The sense of some vast, timeless, ritual is incredible. As searchlights beam out across the crowd, the endless sea of people dwarfs the real sea, lapping darkly by their side, with yet more people looking on from the decks of the bobbing flotilla of boats moored out there to catch the show. At the apex of it all, the Stones pull out a leviathan performance, unleashing definitive readings of “Miss You” and “Midnight Rambler”. It’s hard to say if you’re watching 2006 or 1978. Disc 3 casually hoovers up the rest of the world, offering selected highlights from Japan, an out-of control Argentina, and China, while Disc 4 is given over to a documentary laying out the whole the tour, from initial, stripped-down rehearsals through to the final night of the first leg, 116 shows later.

It’s a suitably monumental set, but there are flaws.
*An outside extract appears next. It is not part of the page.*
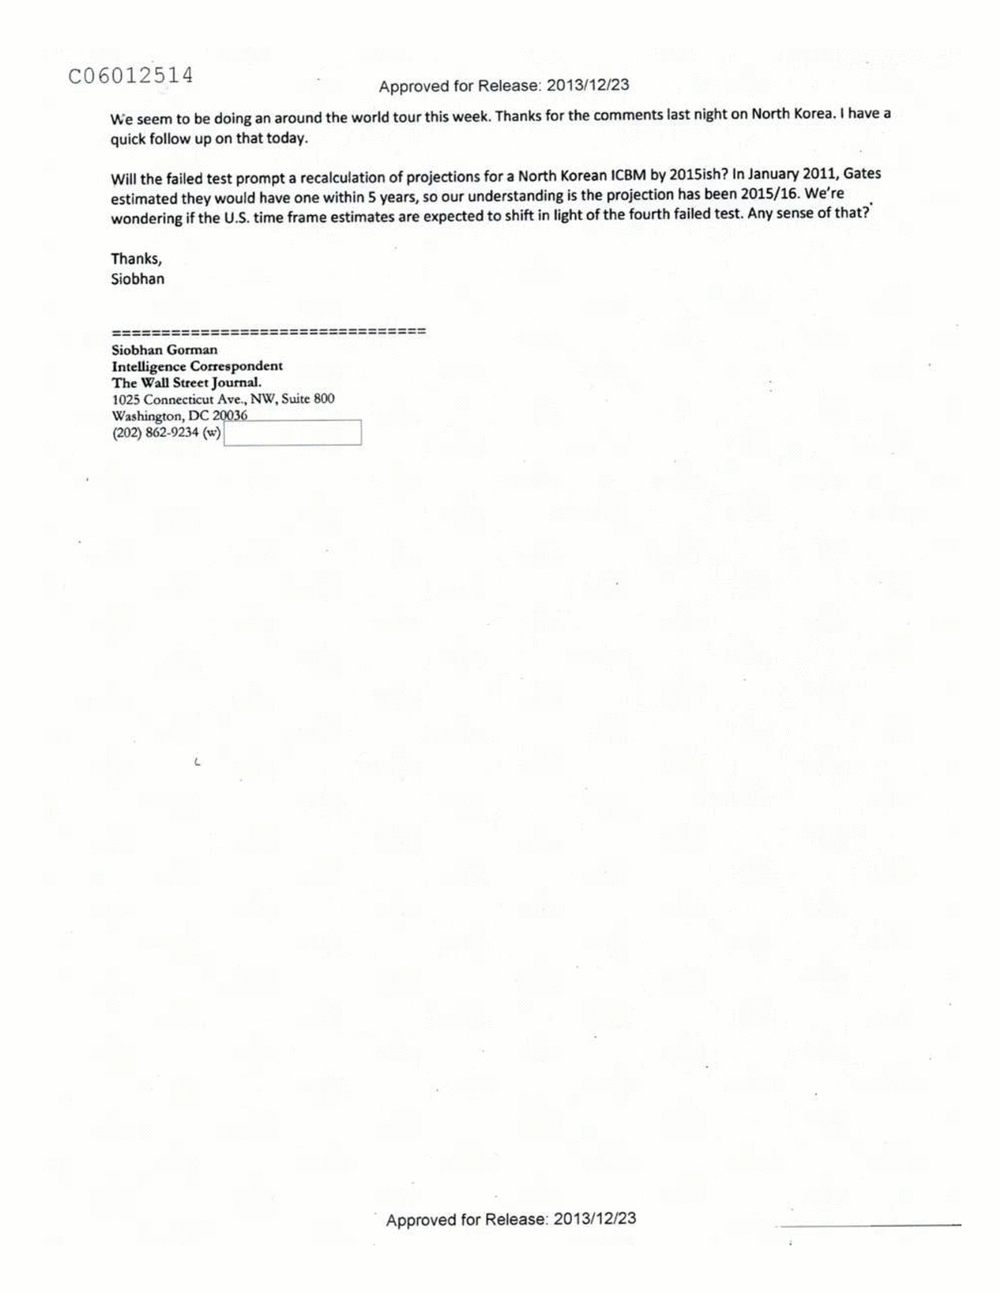 Page 31 from Email Correspondence Between Reporters and CIA Flacks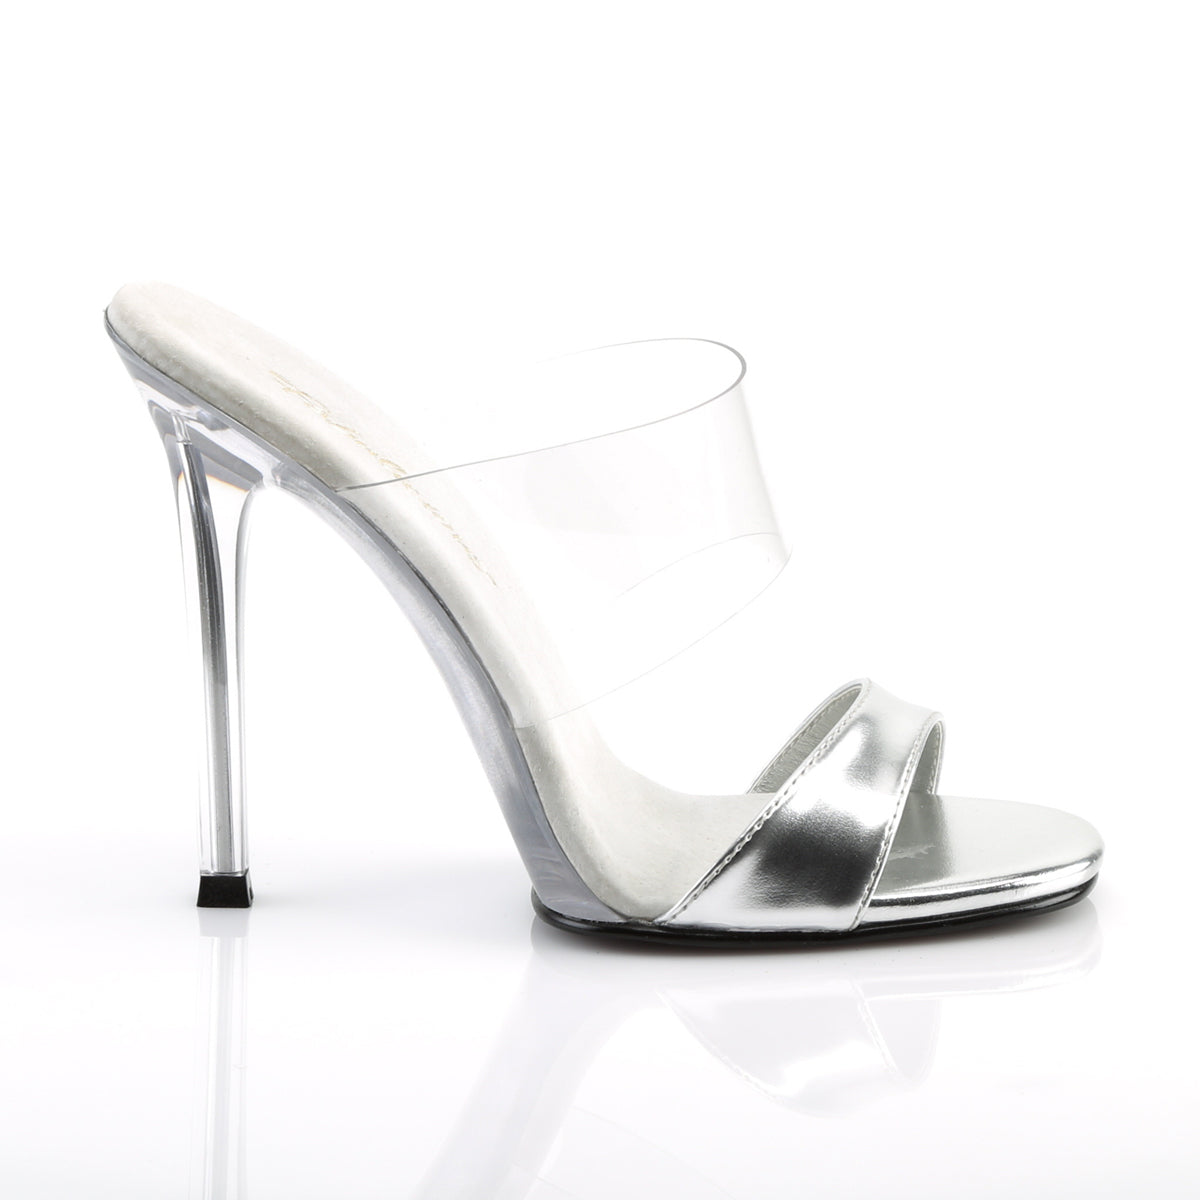 GALA-02L Fabulicious 4.5 Inch Heel Silver Sexy Shoes-Fabulicious- Sexy Shoes Fetish Heels

While both concerts are billed as “full-length,” three of the songs performed from Austin and four from Rio are actually, inexplicably and needlessly omitted. The most desperately missed is a storming “Bitch” from the Austin show. Given the seven hours of footage that is included, that might seem a minor quibble, but it’s hugely irritating not to have the complete performances documented. The really bad news for Stones fans who already shelled out for 2003’s *Four Flicks* box, though, is that this is a must-have. Just remember to leave a Scorsese-sized gap on your shelf…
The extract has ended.